Wie die Juden in Wien nach schlimmen Nachkriegsjahrzehnten wieder zu selbstbewussten Bürgern der Stadt wurden. Auszüge aus einem neuen Buch von Joachim Riedl

Das Gedächtnis der einst glanzvollen jüdischen Gemeinde von Wien, das umfangreiche Archiv, das die NS-Epoche überdauert hatte, wird in Jerusalem verwahrt. Es war in den ersten Jahren nach der Schoah in den damals noch jungen Staat Israel überführt worden. Alle Bestrebungen, die Bestände rückzuführen, scheiterten. Erst unlängst entschied ein israelisches Gericht, die künftige Heimat für das historische Vermächtnis des Wiener Judentums liege im zionistischen Staat. Ein Spruch, der wie ein fernes Echo der ersten Nachkriegsjahre klingt.
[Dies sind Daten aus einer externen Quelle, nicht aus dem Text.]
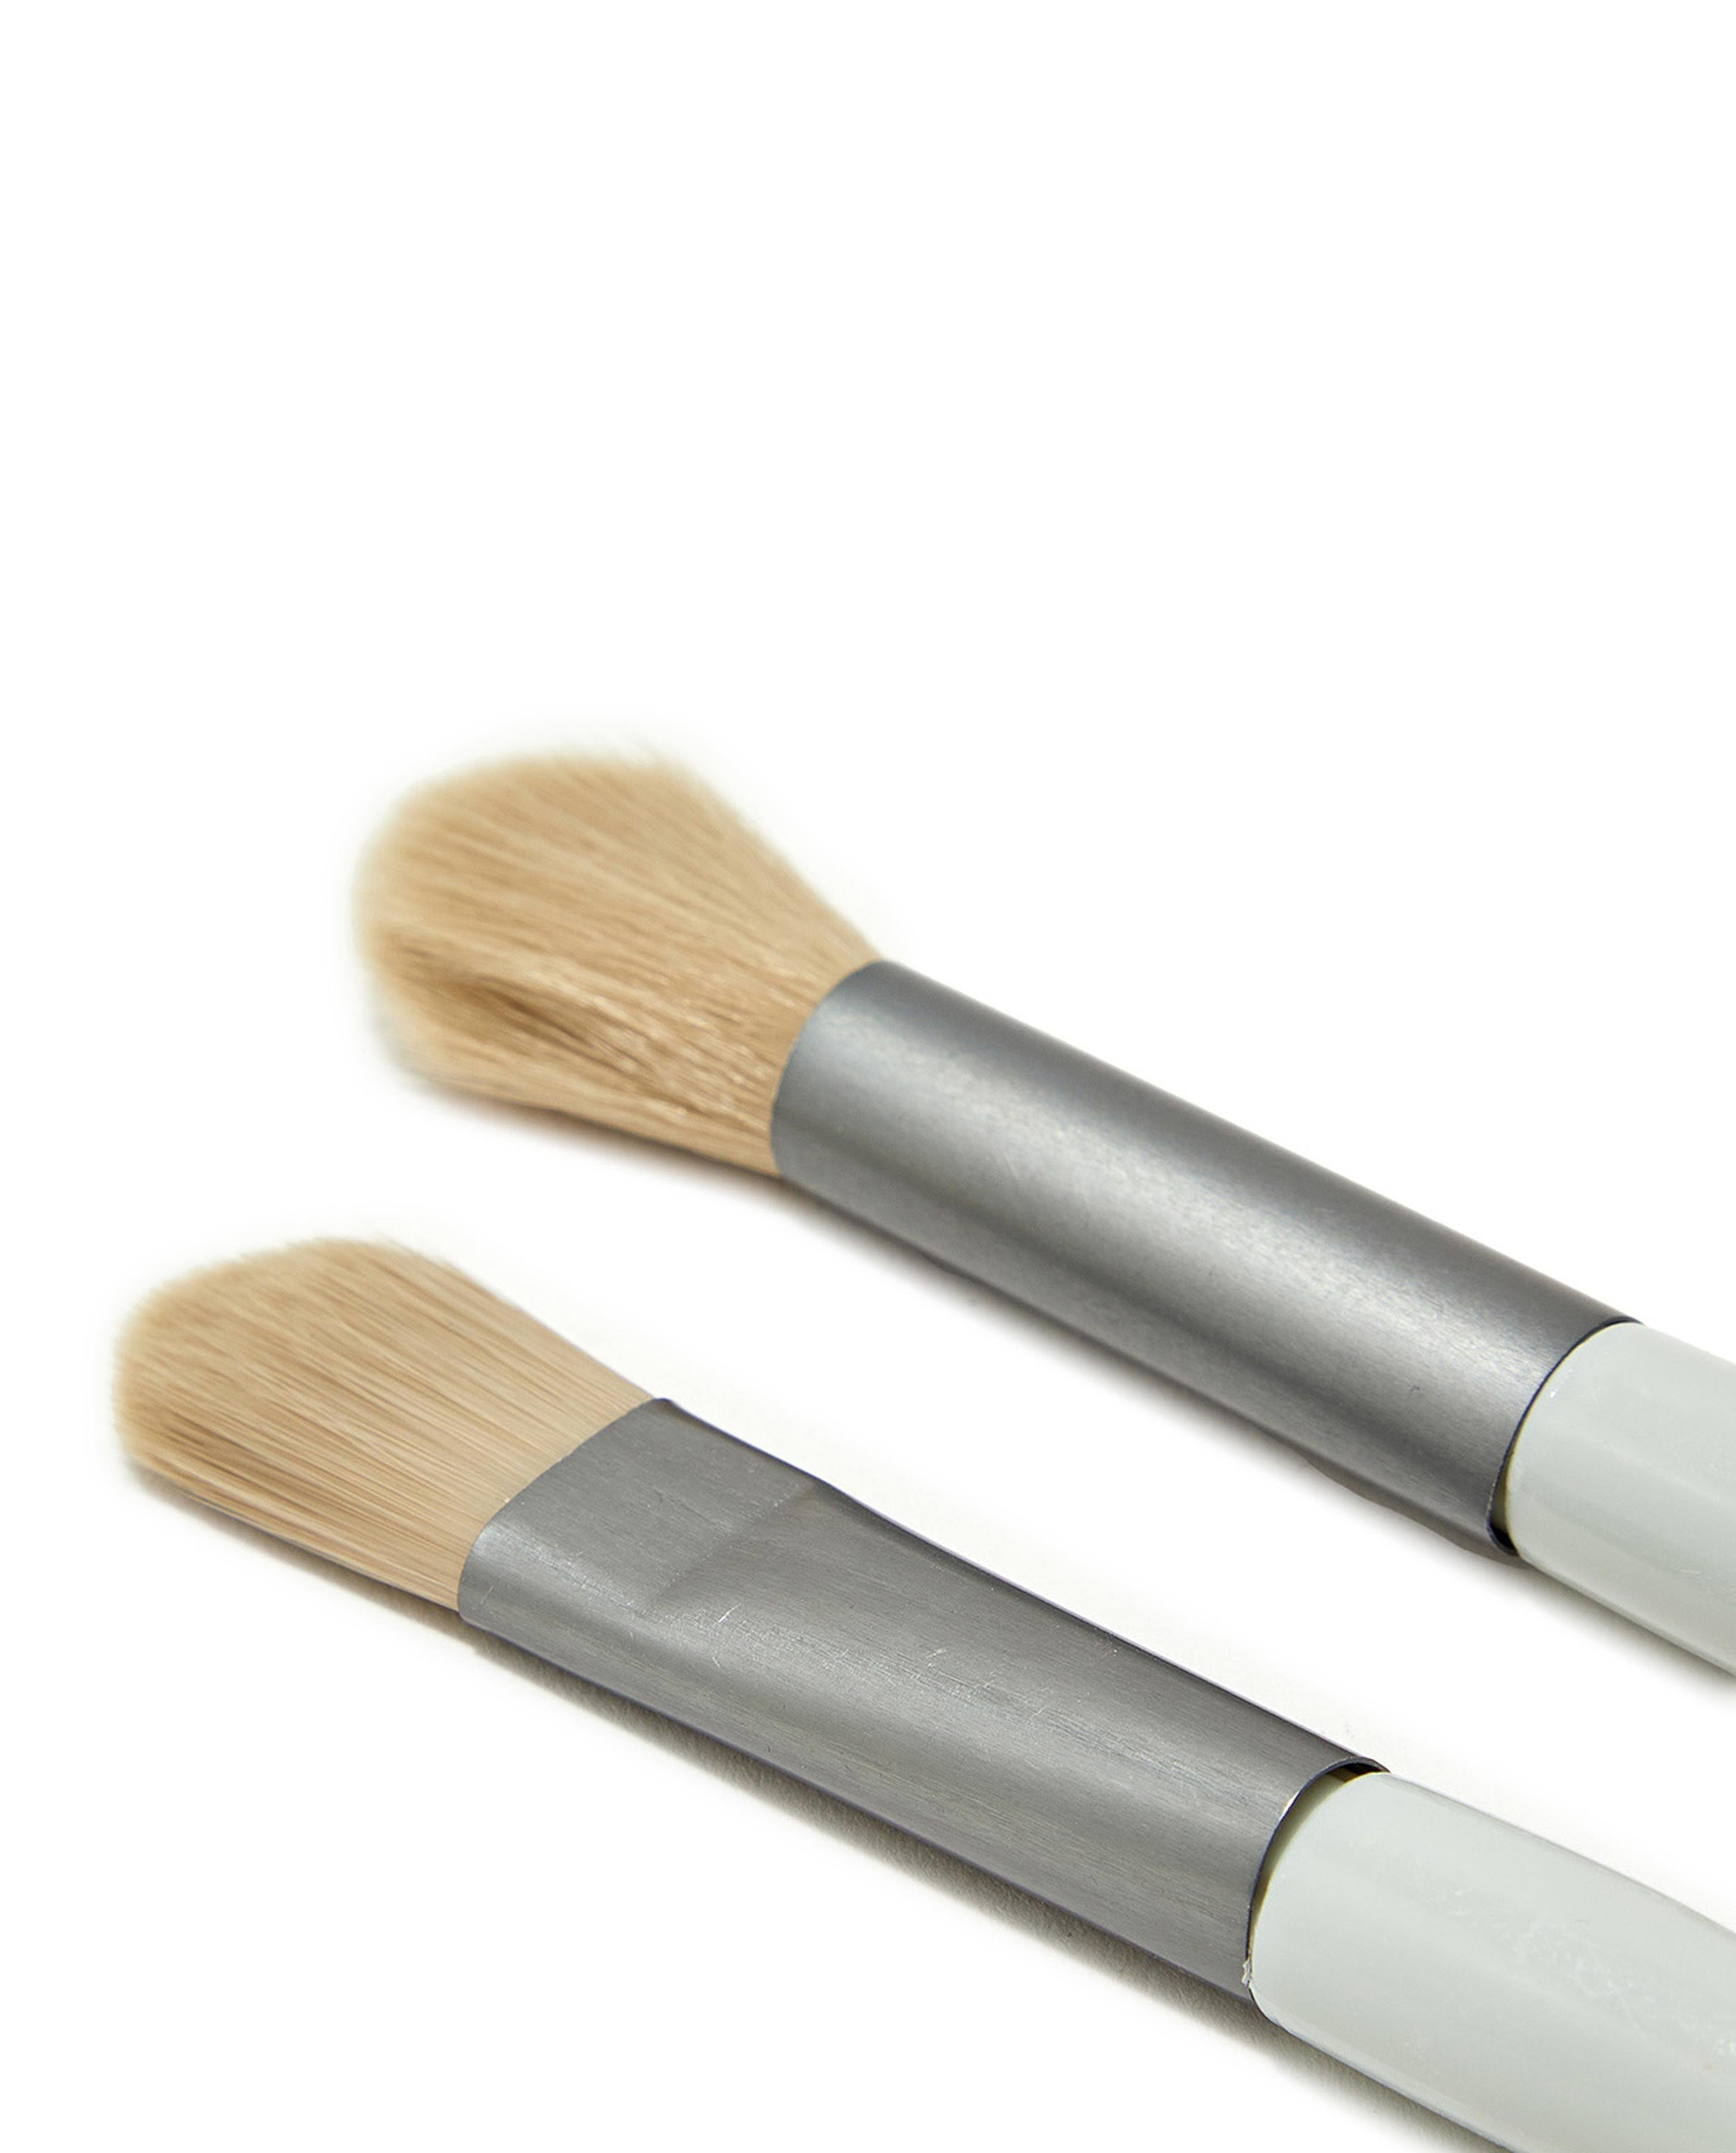 8 Piece Makeup Brush Set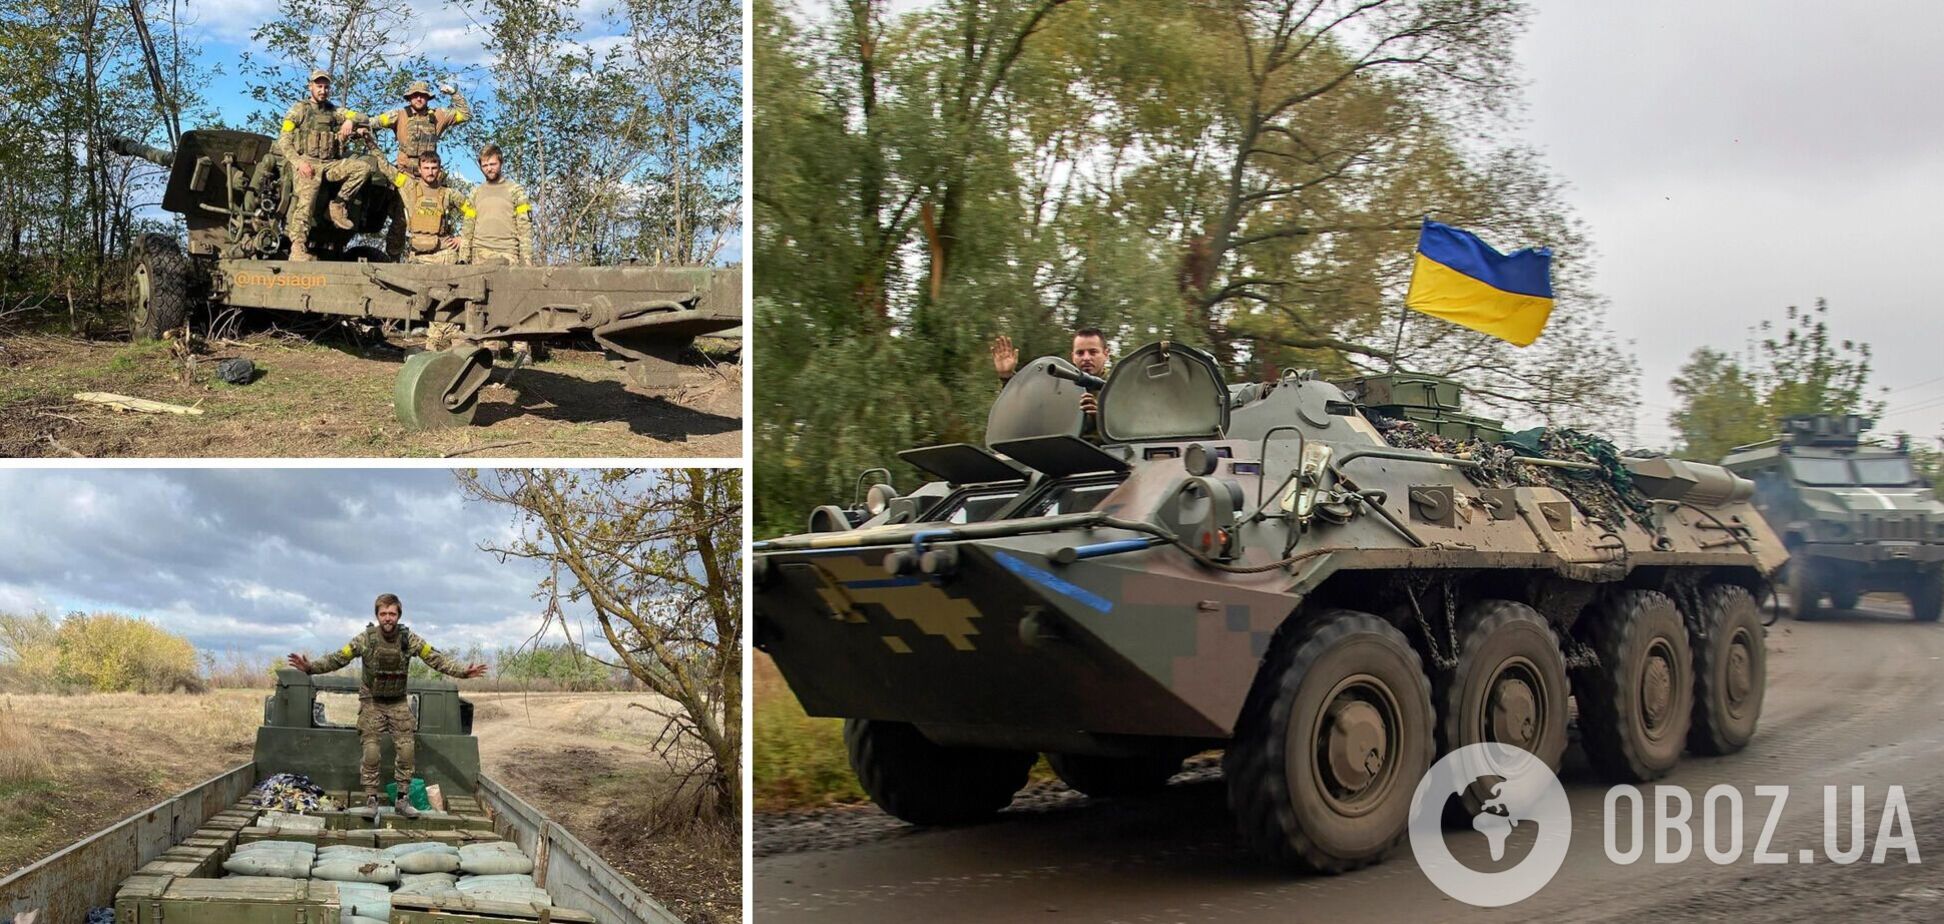 Бойцы ВСУ затрофеили вражескую гаубицу 2А65 'Мста-Б' и целый грузовик снарядов к ней. Фото

In der Stunde der Befreiung war das einst blühende jüdische Leben in Wien ausgelöscht. Jenes Segment, das einst die Metropole maßgeblich geprägt hatte, war vollkommen verschwunden. Die Generalabsolution, welche sich die Wiener in der Folge viele Jahrzehnte lang erteilten, kam einer damnatio memoriae gleich: Wo es keine Täter gibt, gab es auch keine Tat.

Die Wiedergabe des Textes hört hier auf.